The counting board is the precursor of the abacus, and the earliest known form of a counting device (excluding fingers and other very simple methods). Counting boards were made of stone or wood, and the counting was done on the board with beads, pebbles etc. Not many boards survive because of the perishable materials used in their construction, or the impossibility to identify the object as a counting board. The counting board was invented to facilitate and streamline numerical calculations in ancient civilizations. Its inception addressed the need for a practical tool to perform arithmetic operations efficiently. By using counters or tokens on a board with designated sections, people could easily keep track of quantities, trade, and financial transactions. This invention not only enhanced accuracy but also fueled the development of more sophisticated mathematical concepts and systems throughout history.

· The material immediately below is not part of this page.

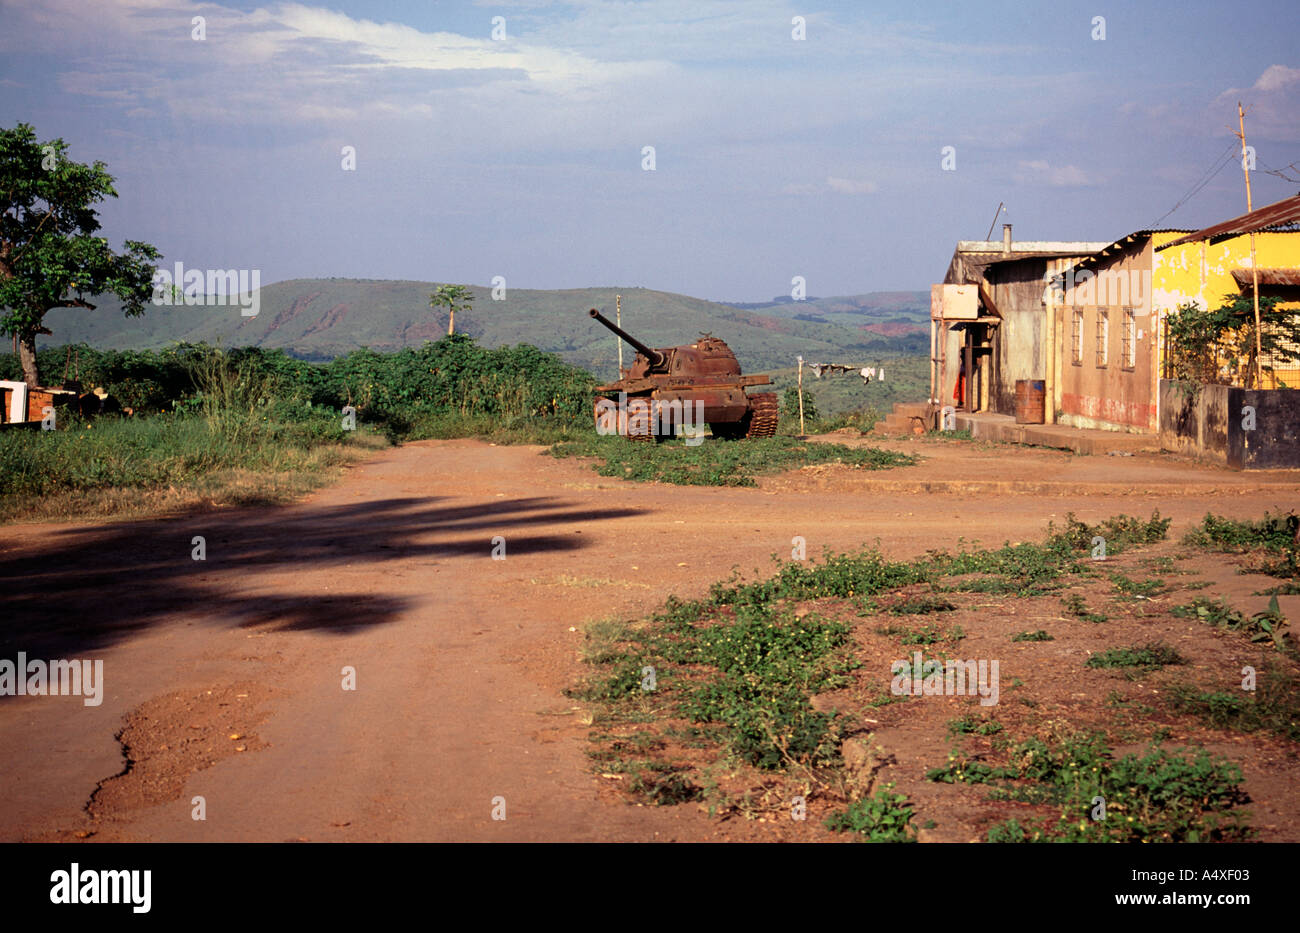 An abandoned, rusting soviet tank in the town of Mbanza Congo in northern Angola. Stock Photo

The counting board does not include a zero, as we have come to understand it today. It primarily used Roman numerals to calculate. The system was based on a base ten or base twenty system, where the lines represented the bases of ten or twenty, and the spaces representing base fives.

The oldest known counting board, the Salamis Tablet (c. 300 BC) was discovered on the Greek island of Salamis in 1899. It is thought to have been used as more of a gaming board than a calculating device. It is marble, about 150 x 75 x 4.5 cm, and is in the Epigraphical Museum in Athens. It has carved Greek letters and parallel grooves.

The German mathematician Adam Ries described the use of counting boards in Rechenbuch auf Linien und Ziphren in allerlei Handthierung / geschäfften und Kaufmanschafft.